In the records that follow, find the line containing "installing hidden lighting" and the line containing "Chinese lanterns at", then transcribe both and every line between them exactly, omitting pictures.

==== Provided data ====

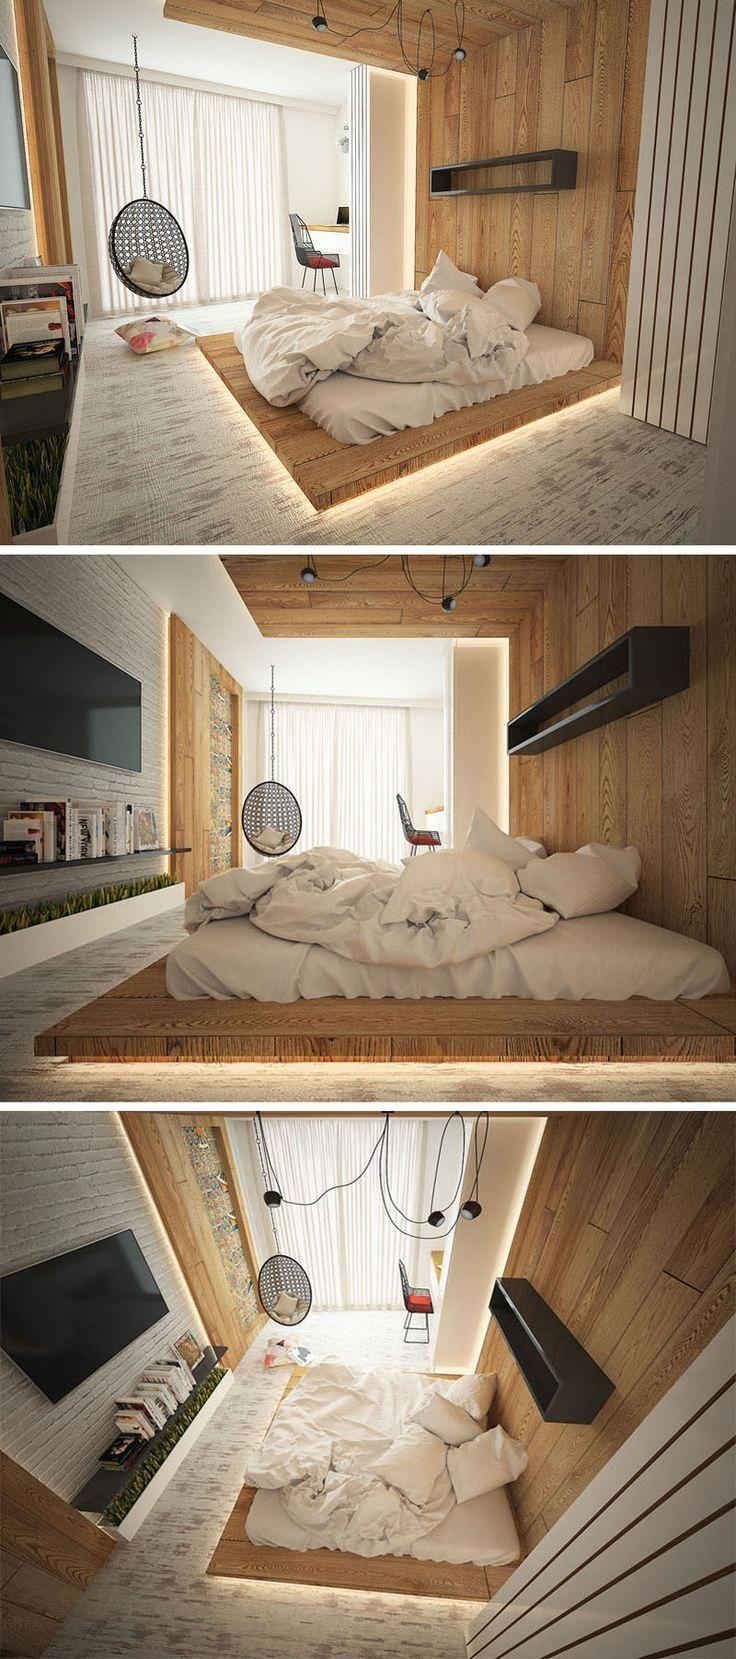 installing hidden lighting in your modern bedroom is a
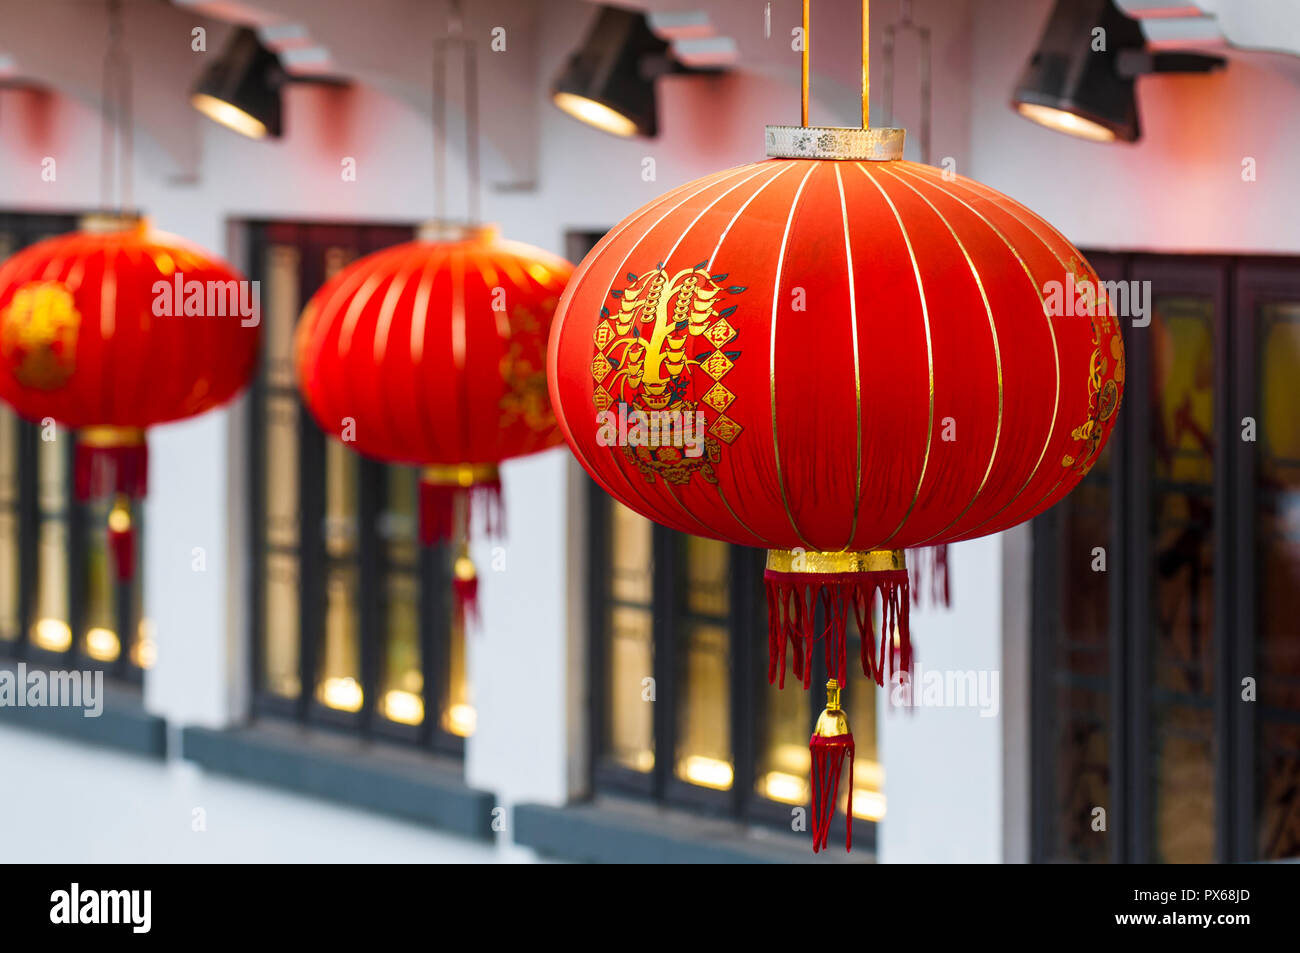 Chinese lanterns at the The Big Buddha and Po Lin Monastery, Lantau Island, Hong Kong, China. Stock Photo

====
==== Provided data ====

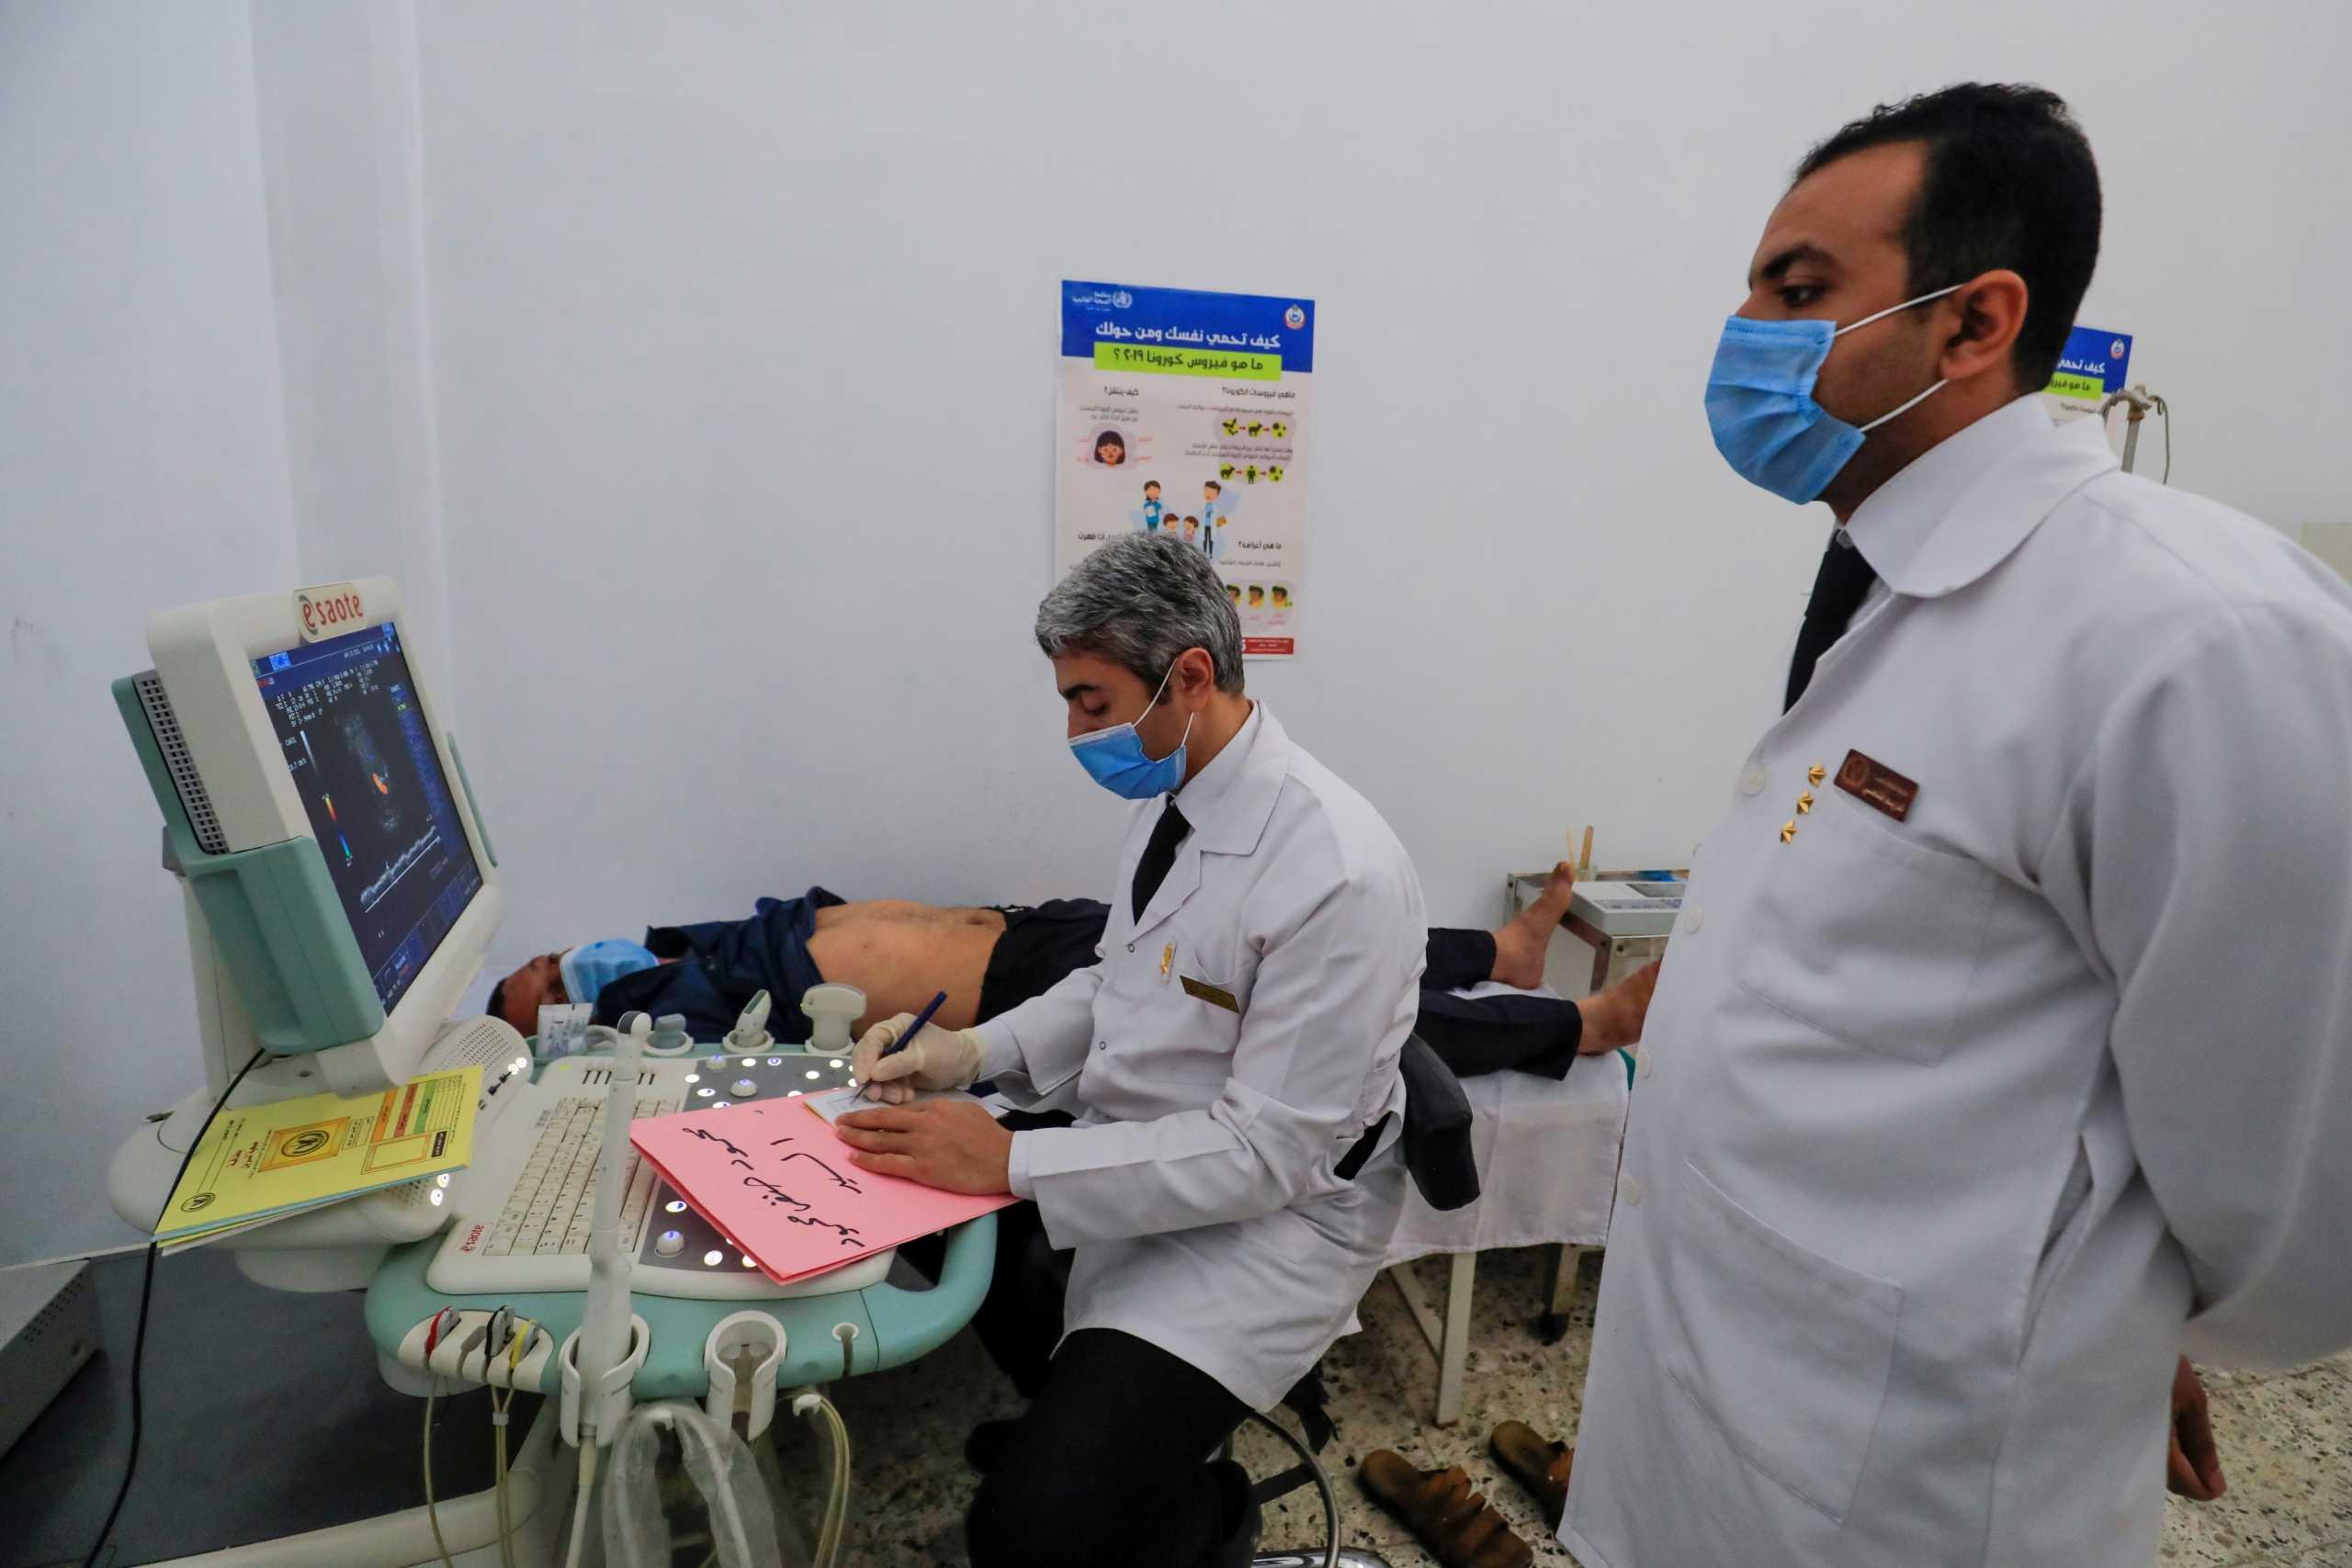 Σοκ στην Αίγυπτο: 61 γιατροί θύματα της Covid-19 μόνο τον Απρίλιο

====
==== Provided data ====

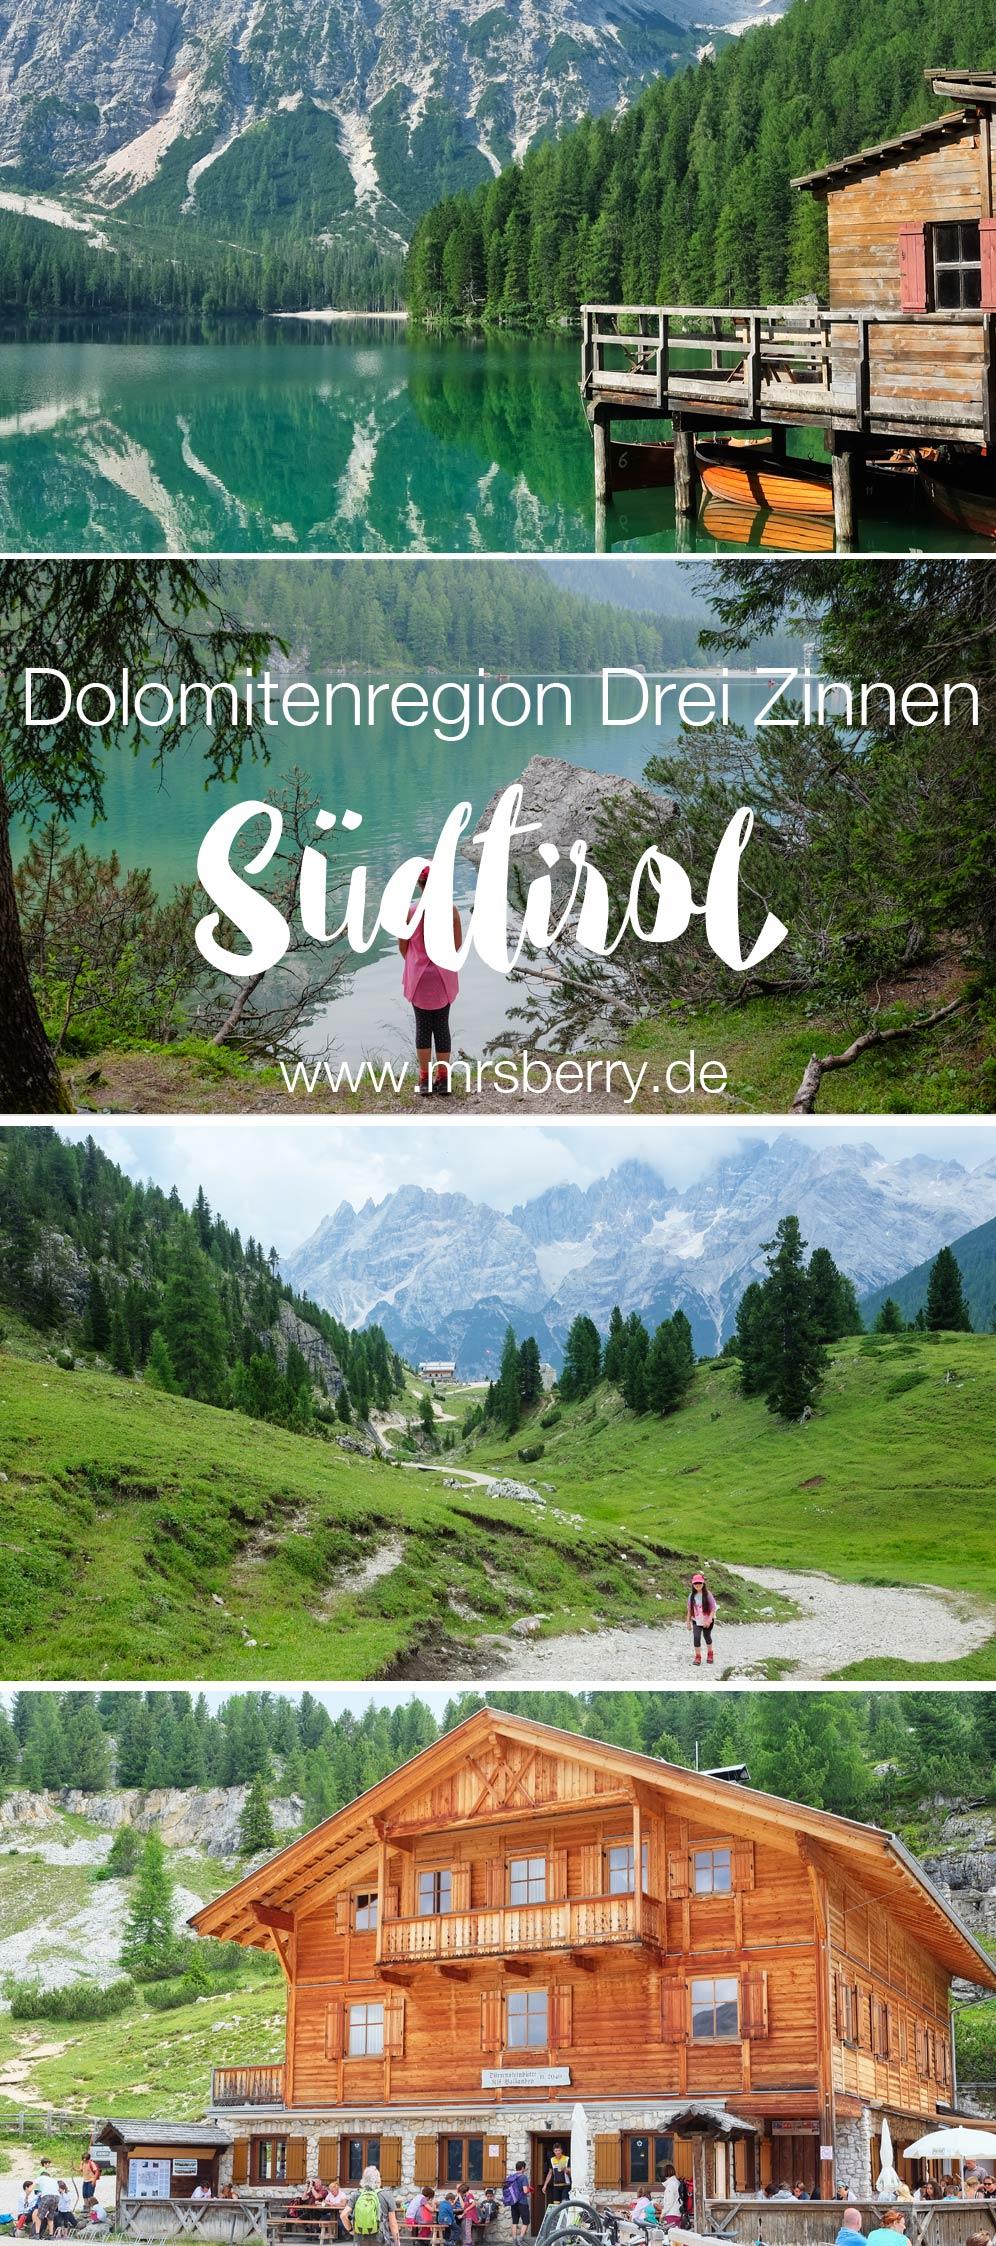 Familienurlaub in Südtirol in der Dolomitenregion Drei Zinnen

====

> [Answer section]
 installing hidden lighting in your modern bedroom is a
 Chinese lanterns at the The Big Buddha and Po Lin Monastery, Lantau Island, Hong Kong, China. Stock Photo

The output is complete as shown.